Pamela Roberts, a systems engineer at Spirit Aerospace System, discusses being a woman in STEM at the CAC theater on Thursday, Feb. 2.

Four individuals came to Wichita State to discuss their experiences in STEM (Science, Technology, Engineering and Mathematics). While the event was advertised as a panel of women in STEM, only three were women, with one individual being non-binary.

On Thursday night in the CAC theater, the Student Activities Council, Office of Diversity and Inclusion, SWE, NSBE and FOCUS, hosted a panel before showing the movie “Hidden Figures.”

The movie is based on a true story of three African American women — Mary Jackson, Katherine Johnson and Dorothy Vaughan — who worked at NASA in the 1960s. The movie shows them tackling racial barriers, and navigating being a woman in a male-dominated industry.

Individuals on the panel

With over 35 years in the STEM field, Pamela Roberts, a systems engineer at Spirit Aerospace systems, loves what she does and continues to learn every day. 

“I love to go out and teach young people, as young as possible, to let them know there’s an opportunity that everyone can do math,” Roberts said. “All you have to do is study and work at it, and it is an opportunity for you to continuously grow and grow and grow.”

Aubrey Wolf, a mathematics professor at WSU, has been in classrooms for the last 12 years, with three of them as a full-time teacher. Wolf loves the beauty of STEM because of how it all works with applied mathematics. 

Cheyenne Morrison, a graduate teaching assistant at WSU, originally started as an aerospace engineering major but switched to mathematics after taking a linear algebra class for a minor. 

“There’s something really innately human about wanting to understand the world and wanting to know why things are happening,” Morrison said. 

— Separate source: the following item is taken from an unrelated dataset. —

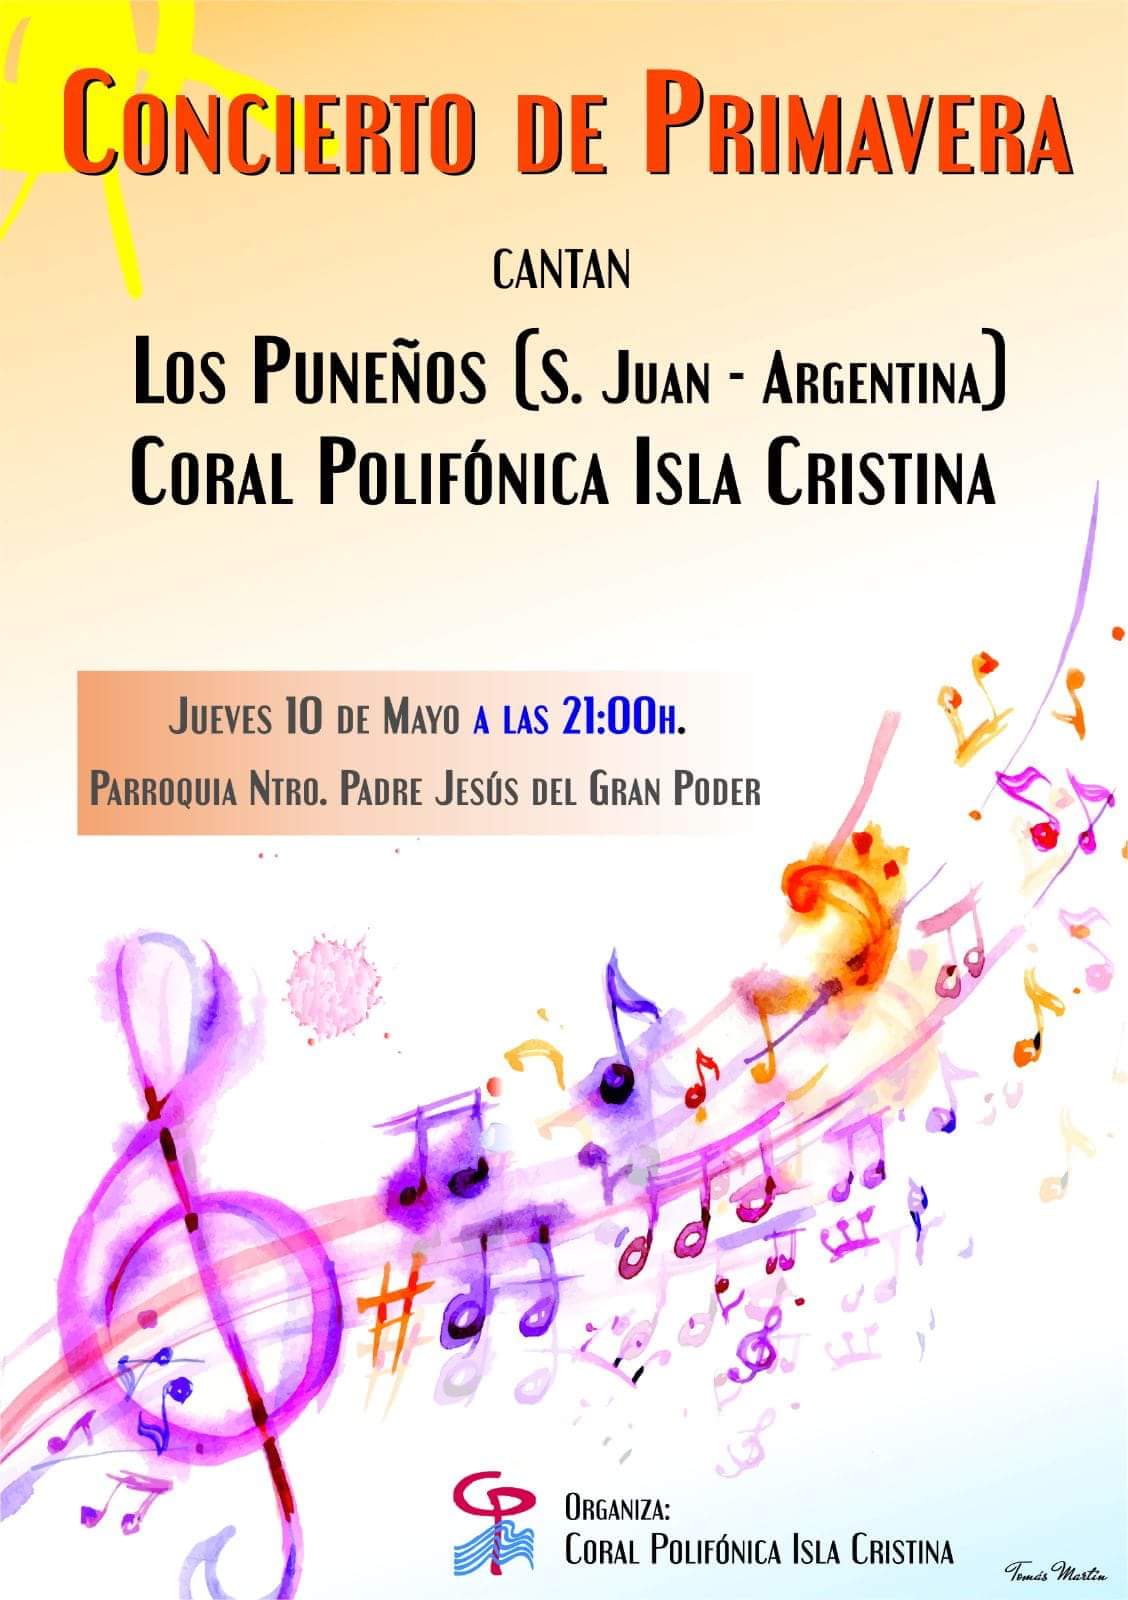 Concierto de Primavera de la Coral Polifónica Isla Cristina
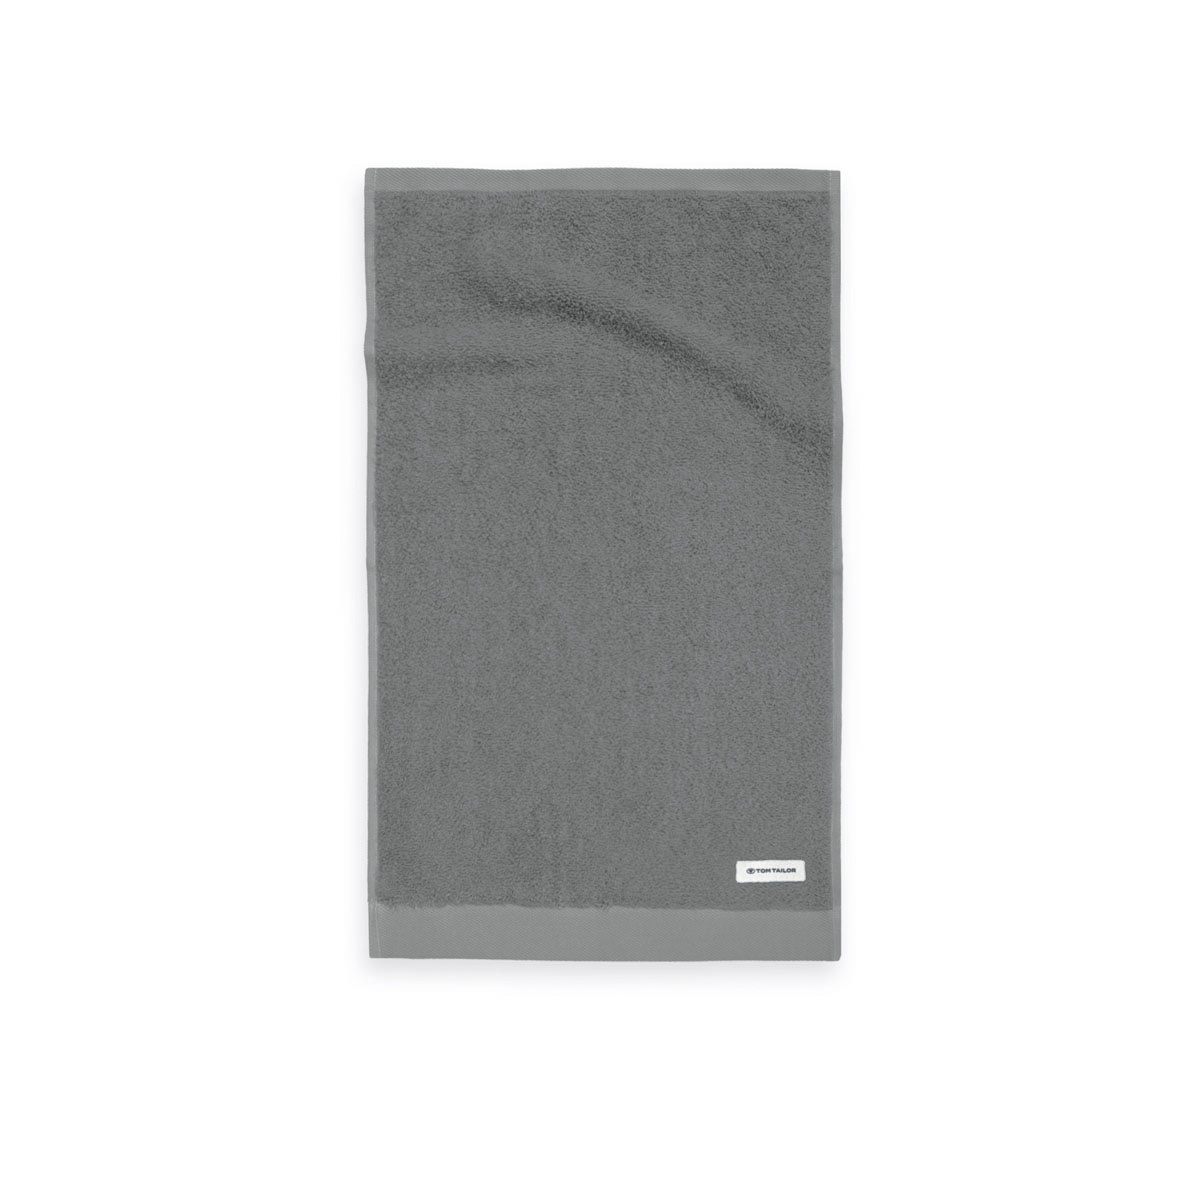 Tom Tailor Moody Grey törölköző, 30 x 50 cm, 6 db-os szett, 30 x 50 cm

Jamie Swan, a graduate teaching assistant at WSU, worked as an engineer for 10 years before coming back to school to pursue their original interest in mathematics and belief that STEM can create a better future. 

Despite their love of the field, the panelists also discussed some issues they have faced, like difference in pay and being treated unfairly.

Morrison said she’s had really positive experiences working with men and also ones that weren’t. 

“(I) had experiences in the workplace where I’m angry, and men are like ‘that’s not acceptable, you really need to calm down. You’re just being really emotional,’” Morrison said. 

Wolf said many of her negative experiences stemmed from her mother.

“When I started going to school (she) would tell me that I couldn’t do it, and that I should quit,” Wolf said. “Now, I have a master’s in mathematics.” 

Wolf said she had to find a support system of people that encouraged her. 

Roberts was the only Black female in a predominately white society. Early in her career, she started signing her name “PW Roberts,” so people wouldn’t make assumptions based on her gender.

“Now, that doesn’t bother me because I know who I am and I know how to move forward without having to do that,” Roberts said. “I think our generation of men and allies have changed. I think we’re getting a more supportive generation of men in society and engineering.”

Roberts has used STEM as an endless opportunity to learn.

“Knowledge is your best opportunity to move forward. No one can take that away,” Roberts said.